6. Extensions to Large Model Coding, Benchmarks, and Code Agent Evaluation

FCTM has been extended to benchmark large model feature coding and automated code agents. Datasets span visual and textual modalities (DINOv2, Llama3, SD3) with unified test conditions (Gao et al., 2024). Baseline codecs (VTM, hyperprior VAE) and open-source pipelines enable reproducible evaluation.

In coding agent evaluation (FeatBench), FCTM formalizes feature-implementation as the tuple $d_j=(R_j,C_j,T_j,P^*_j)$ , specifying natural-language requests, code repositories, ground-truth patches, and dual Fail-to-Pass (F2P)/Pass-to-Pass (P2P) test suites. Metrics include Resolved Rate (SR), Patch Apply Rate (AR), File-level Localization Rate (FLR), Regression Rate (RegR), and Aggressive Implementation Failure Rate (AIR). State-of-the-art agents (e.g., Trae-agent + GPT-5) achieve only 29.94% SR, highlighting semantic and generalization challenges in natural-language feature implementation (Chen et al., 26 Sep 2025).
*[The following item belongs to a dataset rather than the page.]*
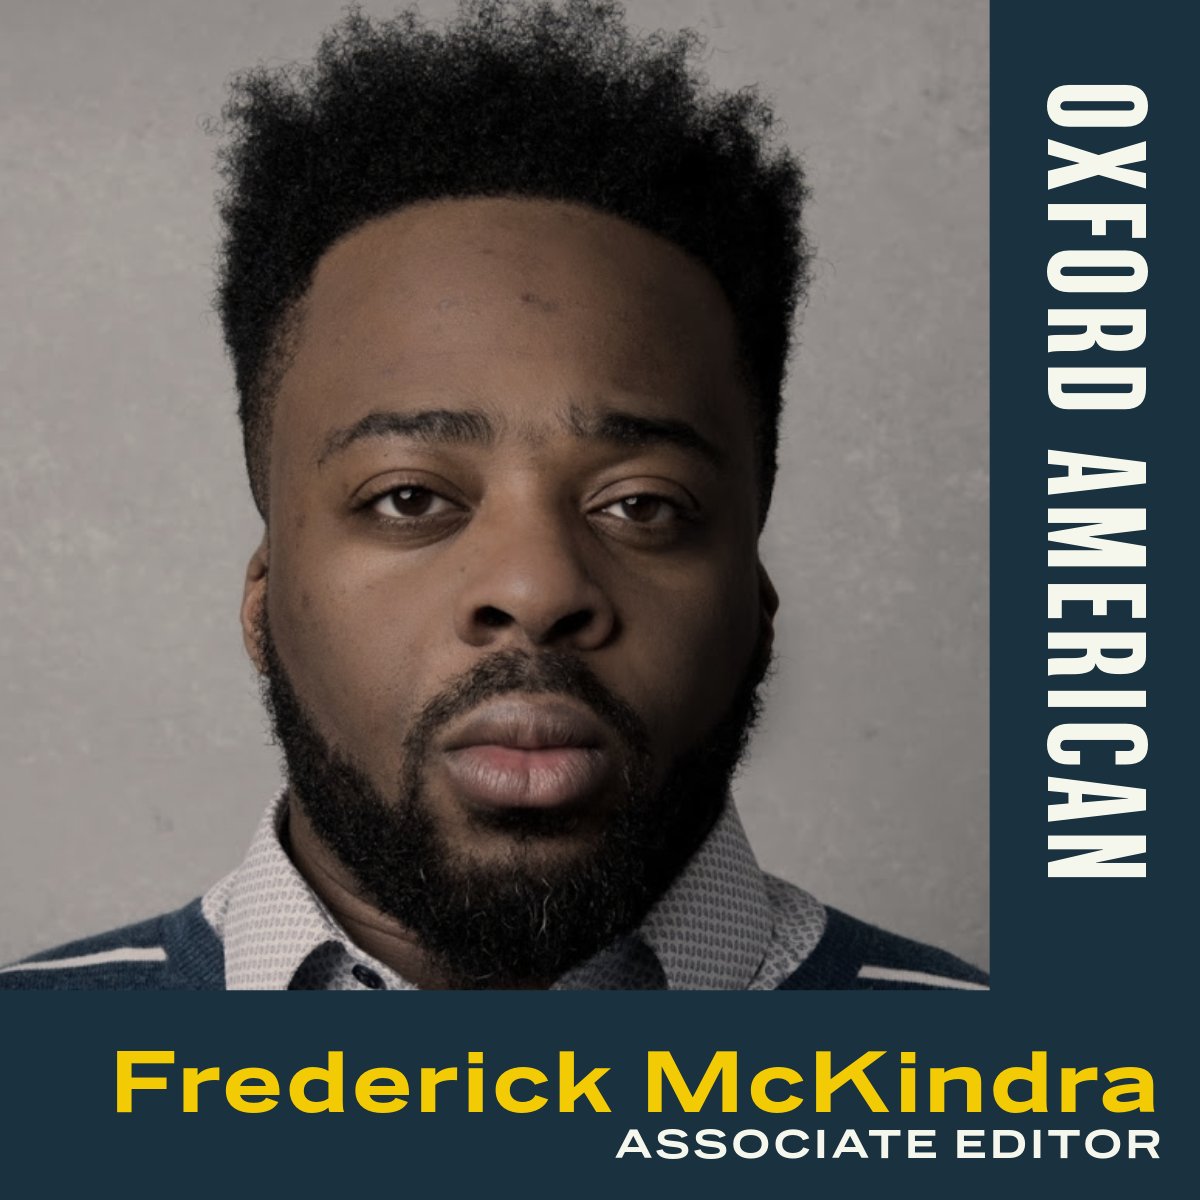 We’re thrilled to welcome Frederick McKindra (@boxfade) to the OA team as a new associate editor!

7. Future Directions and Benchmark Expansion

Emerging research suggests further FCTM development in several areas:

Adding modalities (audio, video, multi-sensor) and scaling beyond 100B+ parameters (Gao et al., 2024).
Designing learned codecs purpose-built for feature data, supplanting adapted image/video codecs.
Incorporating semantic-aware distortion metrics to better correlate compression-induced feature degradation with downstream task performance.
Extending automated code-benchmarks to broader languages and architectural metrics (coupling, cohesion), and evolving difficulty calibration for robust agent assessment (Chen et al., 26 Sep 2025).

The FCTM framework thus underpins scalable, standardized, and privacy-aware deployment of neural feature coding across edge-to-cloud pipelines, large model inference, and automated code generation agents.